Mayer quotes Gary Solis, a retired law professor who designed and taught the Law of War for Commanders curriculum at West Point as saying that under both U.S. and international law, “Jack Bauer is a criminal. In real life, he would be prosecuted.” Yet many of his students—and many soldiers and many viewers—say, “Whatever it takes.”

According to most terrorism experts, the “ticking time bomb” situation almost never occurs. Joe Navarro, one of the F.B.I.’s top experts in questioning techniques, said in reference to Bauer’s calm demeanor after torturing someone: “Only a psychopath can torture and be unaffected. You don’t want people like that in your organization. They are untrustworthy and tend to have grotesque other problems.” Navarro, who has conducted some 12,000 interrogations, said that “torture was not an effective response.”

“The notion that physical coercion in interrogations is unreliable,” writes Mayer, “although widespread among military intelligence officers and F.B.I. agents, has been firmly rejected by the Bush Administration.”

Tony Lagouranis, a former Army interrogator in the war in Iraq, said that DVDs of “24” circulate widely among the soldiers there, and he knew of instances in which interrogators copied a technique they saw on the show. However, he said, “In Iraq, I never saw pain produce intelligence.”

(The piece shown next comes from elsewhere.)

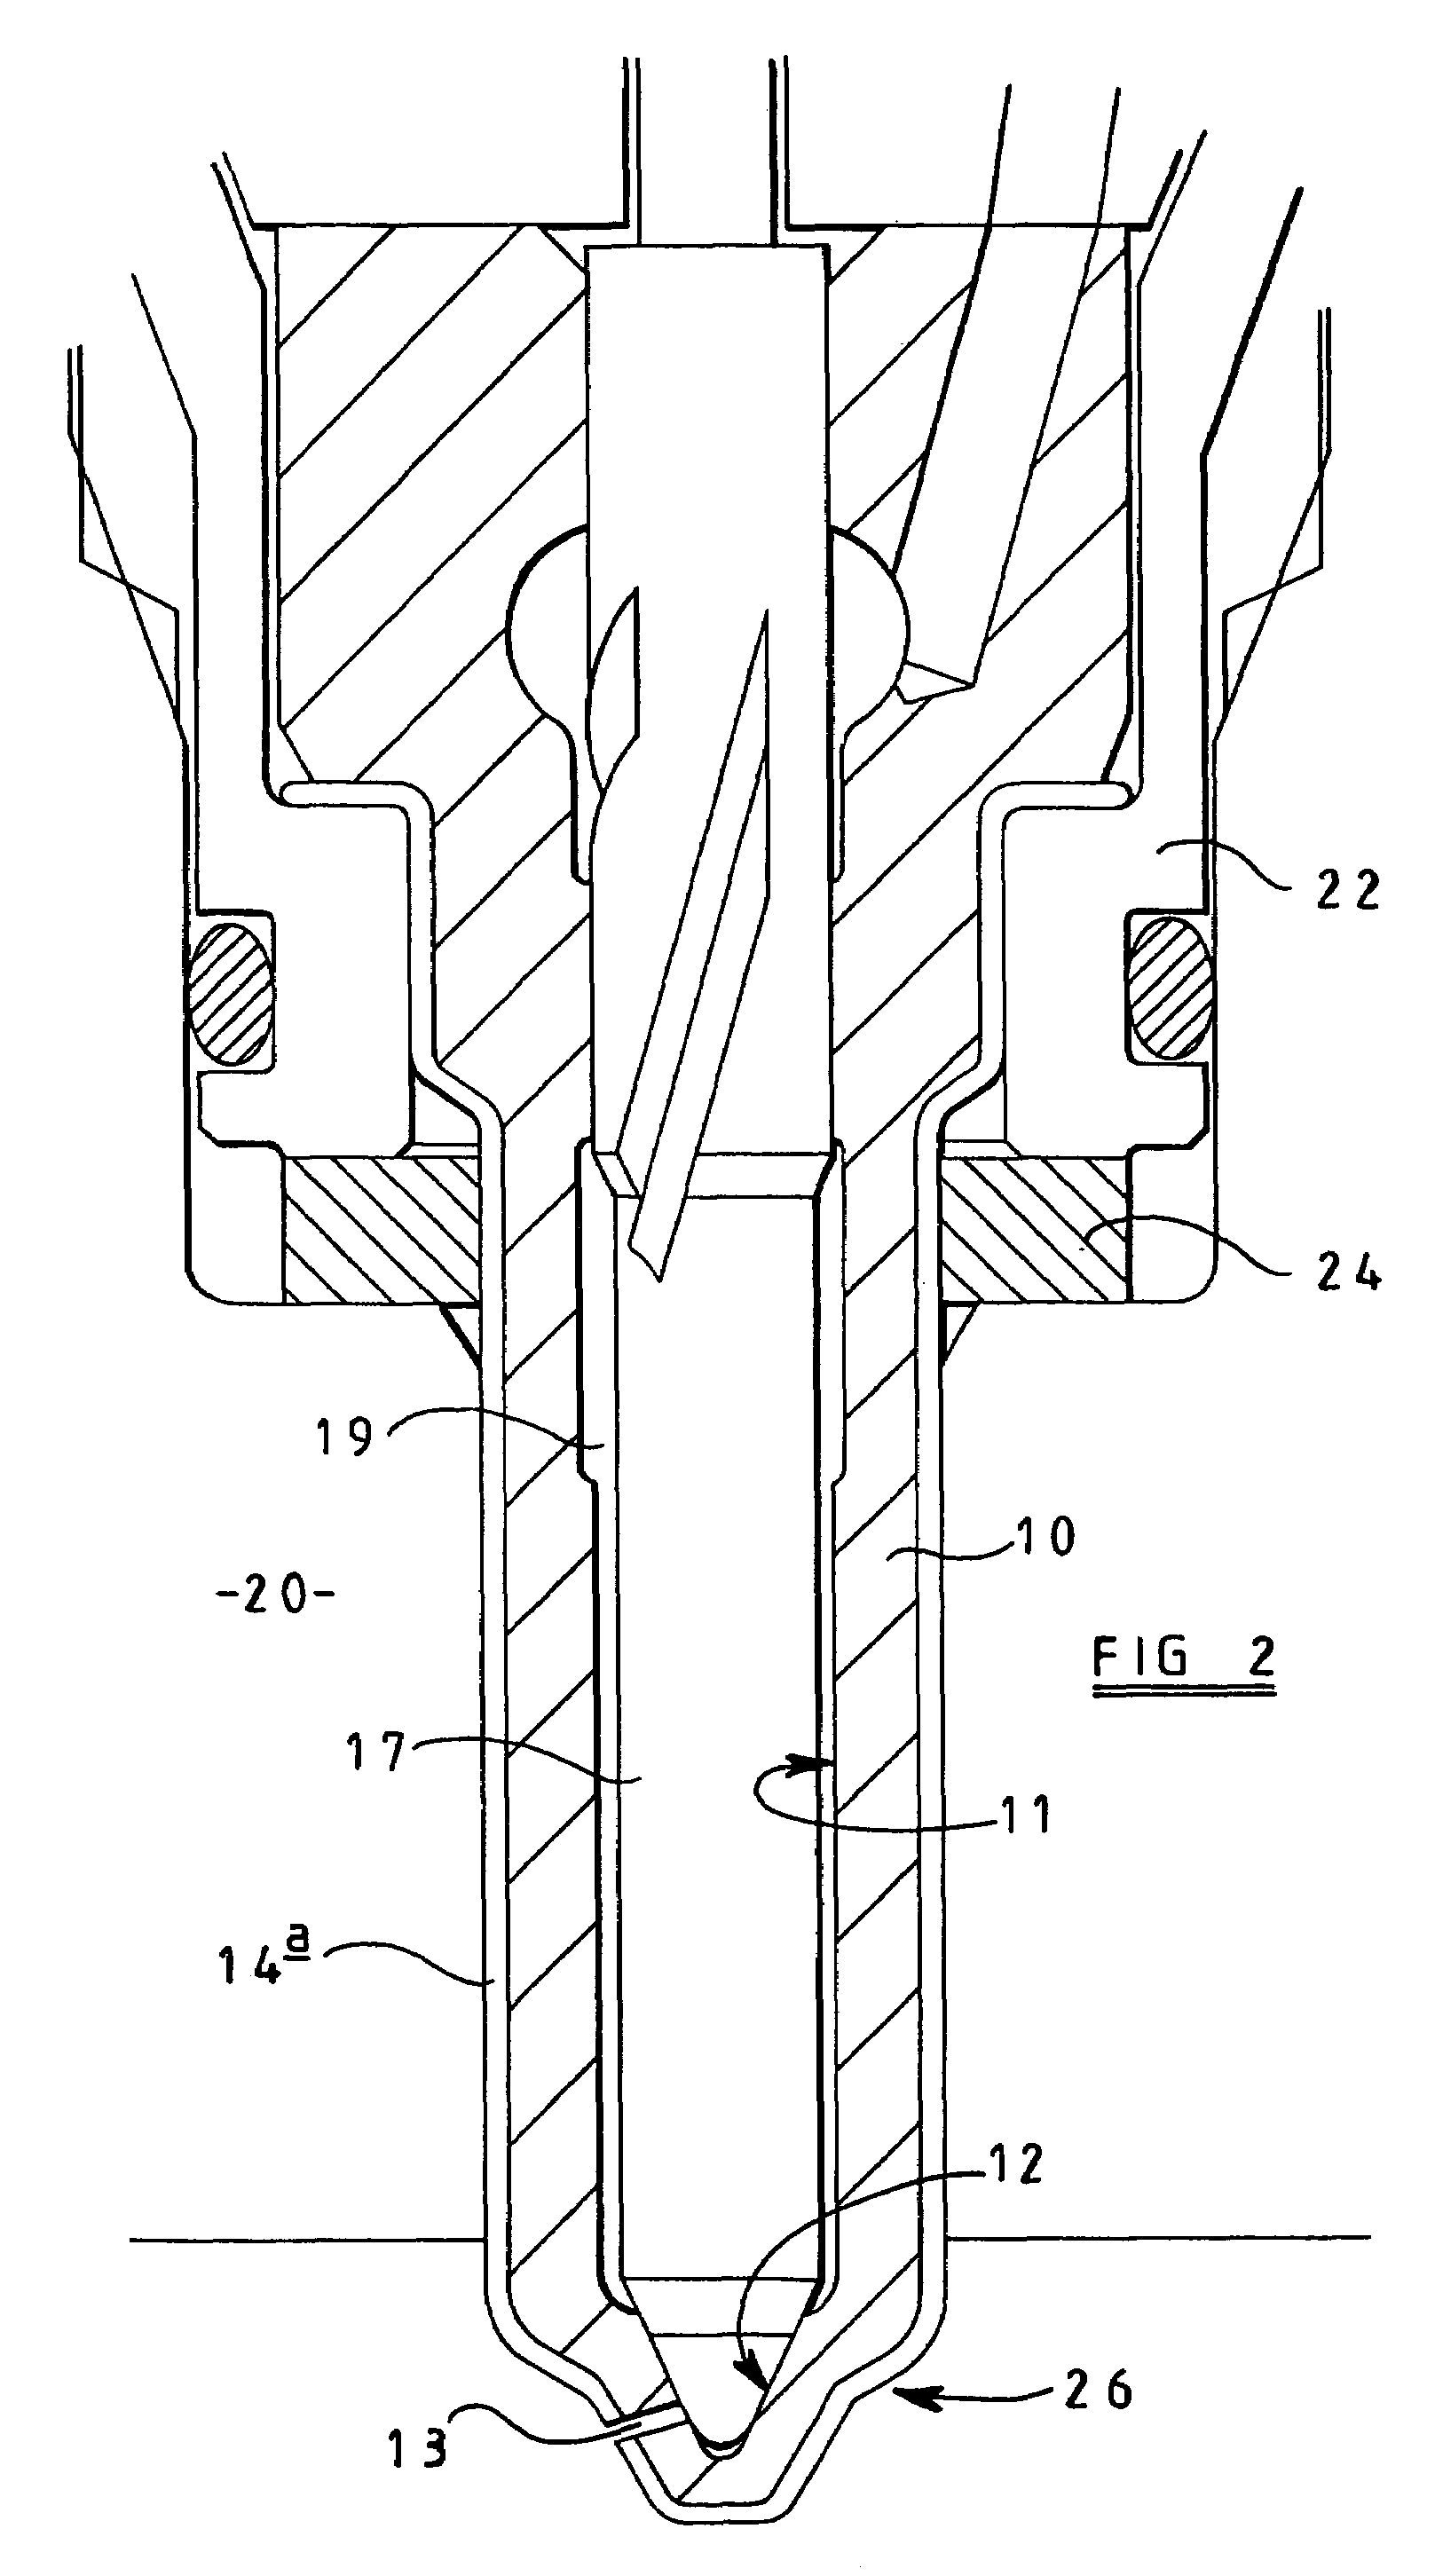 Injection nozzle

Lagouranis said that the U.S. military and the F.B.I. teach real intelligence professionals to use “rapport-building,” the slow process of winning over informants, which is the method that generally works best.

Despite the testimony of these experts to the team that creates “24,” it is doubtful the show will make many changes because of it. It makes a lot of money for Fox, and Joel Surnow, the show’s co-creator and executive producer, is a self-proclaimed conservative who also wants to make a show that presents Senator Joseph McCarthy in a positive light.

We, at least, can learn to be more discerning viewers and not accept what TV shows use as real or necessary. Watch how you watch.